Together Ai-Specific Remediation
Mitigating ARP spoofing requires protecting the communication channel between the client and the Together Ai API. The following controls are effective and can be implemented using Together Ai’s native capabilities or standard libraries.
- Enforce Mutual TLS (mTLS) – Configure the Together Ai client to present a client certificate and validate the server’s certificate. This prevents an attacker who only can ARP‑spoof from completing the TLS handshake, because they lack a valid client certificate.
- Enable HSTS and Certificate Pinning – Instruct browsers or HTTP libraries to remember the Together Ai certificate and refuse connections that do not match the pinned public key.
- Restrict Access via IP Allowlist or Private Networking – Together Ai supports VPC peering, AWS PrivateLink, or Azure Private Endpoint for customers who need network isolation.
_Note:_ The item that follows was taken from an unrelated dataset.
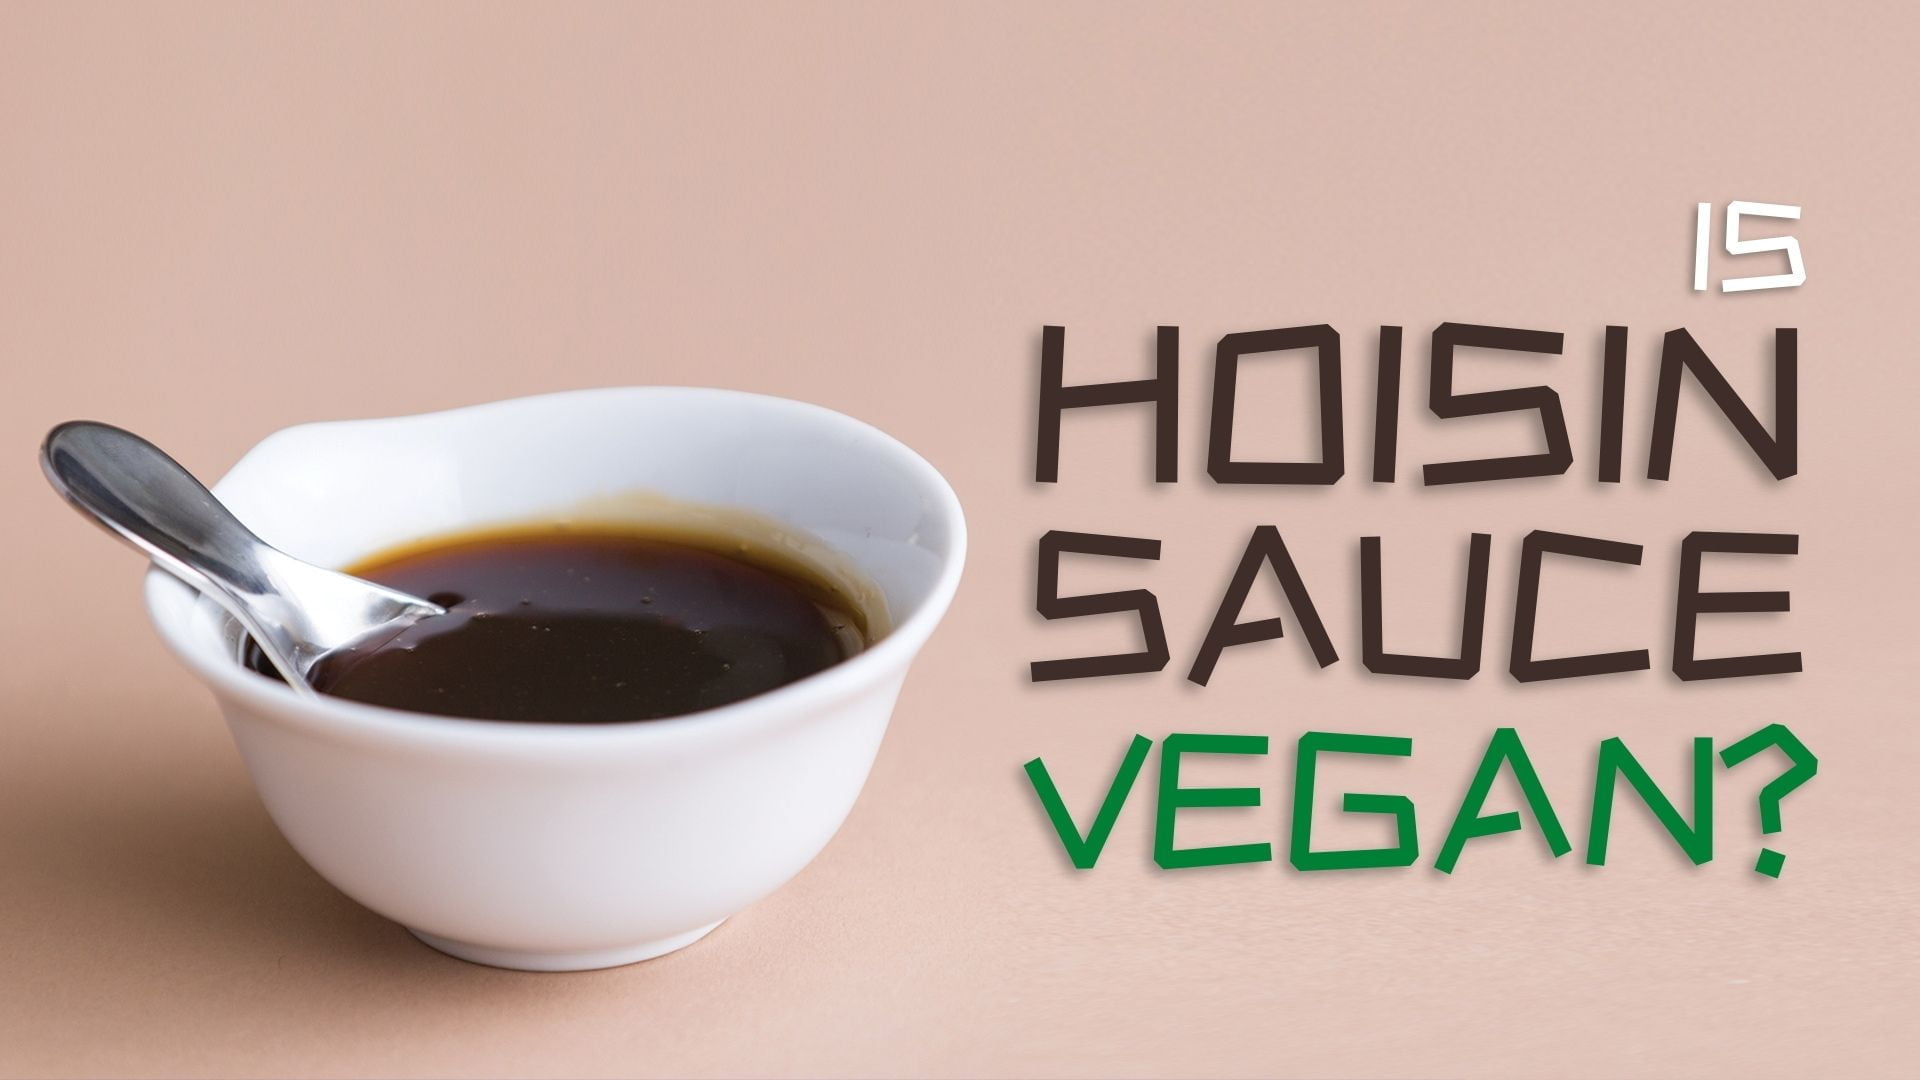 Is Hoisin Sauce Vegan

By limiting the API to specific IP ranges or a private link, an attacker on a LAN cannot reach the endpoint even if ARP tables are poisoned.
- Rotate and Scope API Keys – Use short‑lived tokens or OAuth‑style scopes so that a stolen key has limited utility and expires quickly.
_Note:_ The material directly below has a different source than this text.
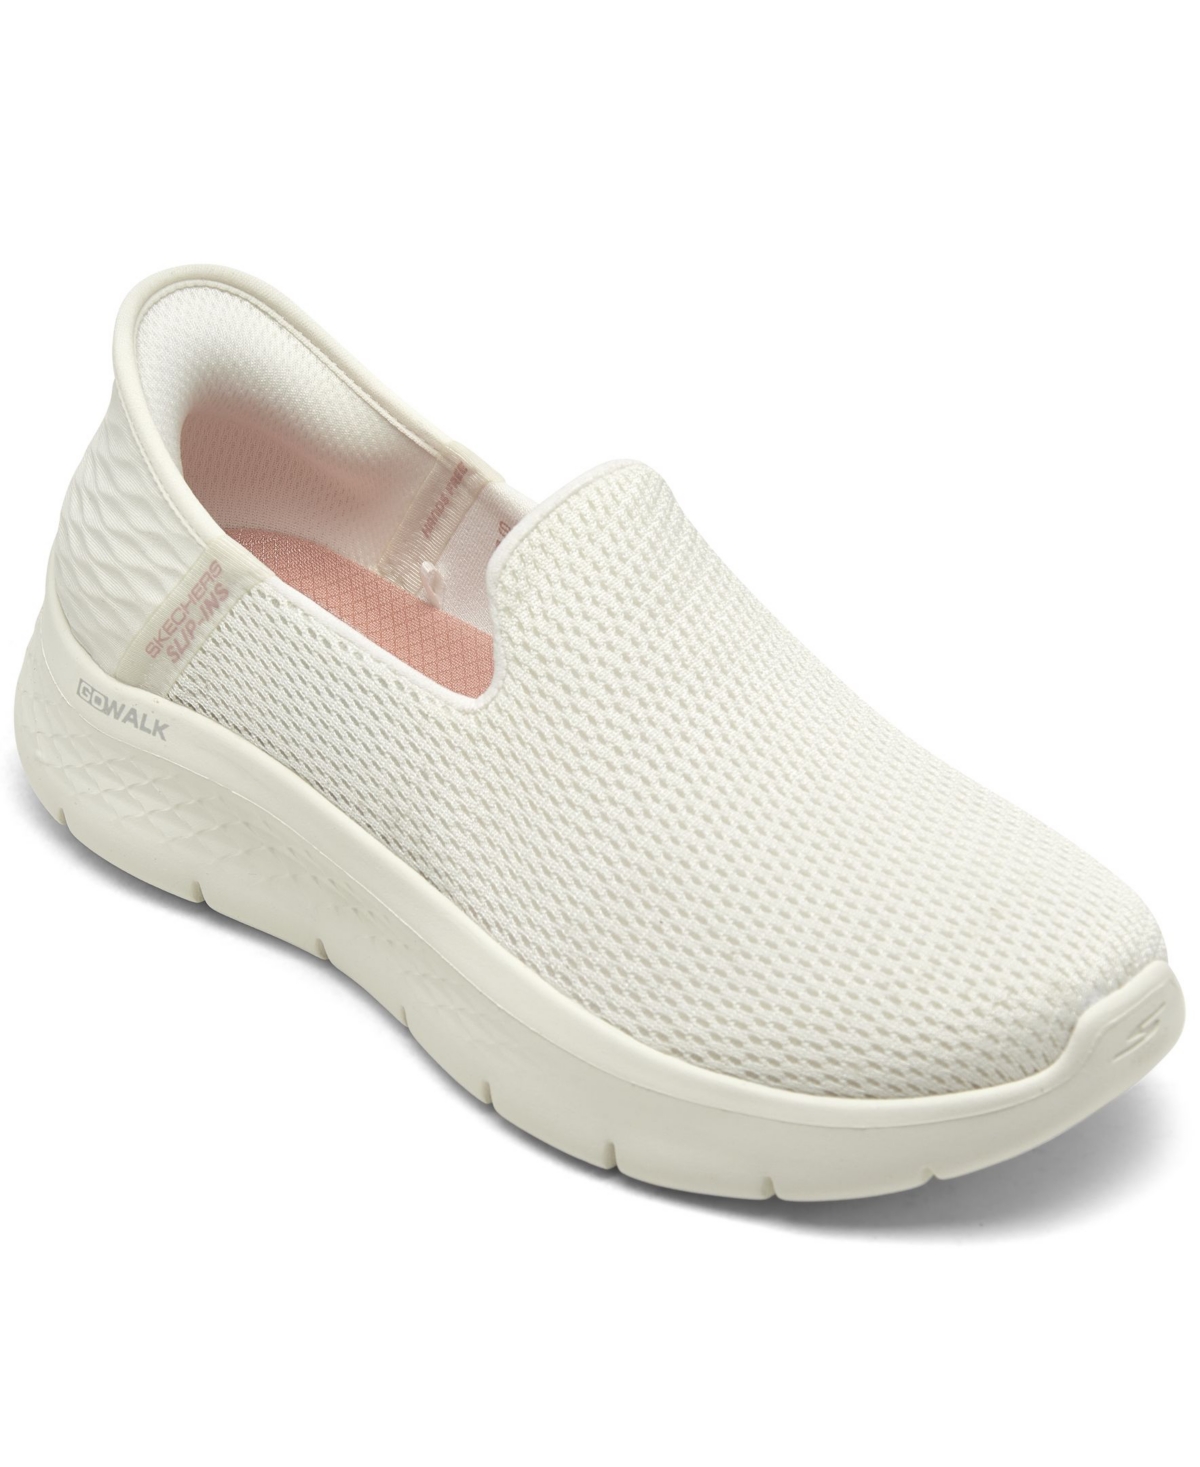 Women's Slip-Ins- Go Walk Flex - Relish Slip-On Walking Sneakers from Finish Line - Off White

- Monitor Usage for Anomalies – Set up alerts in the Together Io dashboard for sudden spikes in token consumption or calls to unexpected models; these can indicate that a compromised key is being abused after an MITM attack.
Code example – Python client using the official Together Ai SDK (or raw requests) with mTLS:
import os
import requests
# Paths to client certificate and key (PEM format)
CLIENT_CERT = os.getenv('TOGETHER_CLIENT_CERT', '/etc/together/client.crt')
CLIENT_KEY = os.getenv('TOGETHER_CLIENT_KEY', '/etc/together/client.key')
# CA bundle that includes Together Ai’s server cert
CA_BUNDLE = os.getenv('TOGETHER_CA_BUNDLE', '/etc/together/ca.crt')
# Optional: use a private endpoint if you have set one up via VPC peering
BASE_URL = os.getenv('TOGETHER_AI_BASE_URL', 'https://api.together.xyz')
headers = {
'Authorization': f'Bearer {os.getenv("TOGETHER_API_KEY")}',
'Content-Type': 'application/json'
}
payload = {
"model": "togethercomputer/llama-2-7b-chat",
"prompt": "Explain quantum entanglement in simple terms.",
"max_tokens": 150
}
response = requests.post(
f'{BASE_URL}/v1/completions',
json=payload,
headers=headers,
cert=(CLIENT_CERT, CLIENT_KEY), # client cert for mTLS
verify=CA_BUNDLE # server cert validation
)
print(response.json())
If you prefer the Together Ai SDK, the same parameters can be passed through its constructor:
from together import Together
client = Together(
api_key=os.getenv('TOGETHER_API_KEY'),
base_url=os.getenv('TOGETHER_AI_BASE_URL'),
cert=(CLIENT_CERT, CLIENT_KEY),
verify=CA_BUNDLE
)
result = client.completions.create(
model='togethercomputer/llama-2-7b-chat',
prompt='Explain quantum entanglement in simple terms.',
max_tokens=150
)
print(result)
By combining mTLS, private networking, and vigilant key management, you eliminate the practical benefit an attacker gains from ARP spoofing against Together Ai services.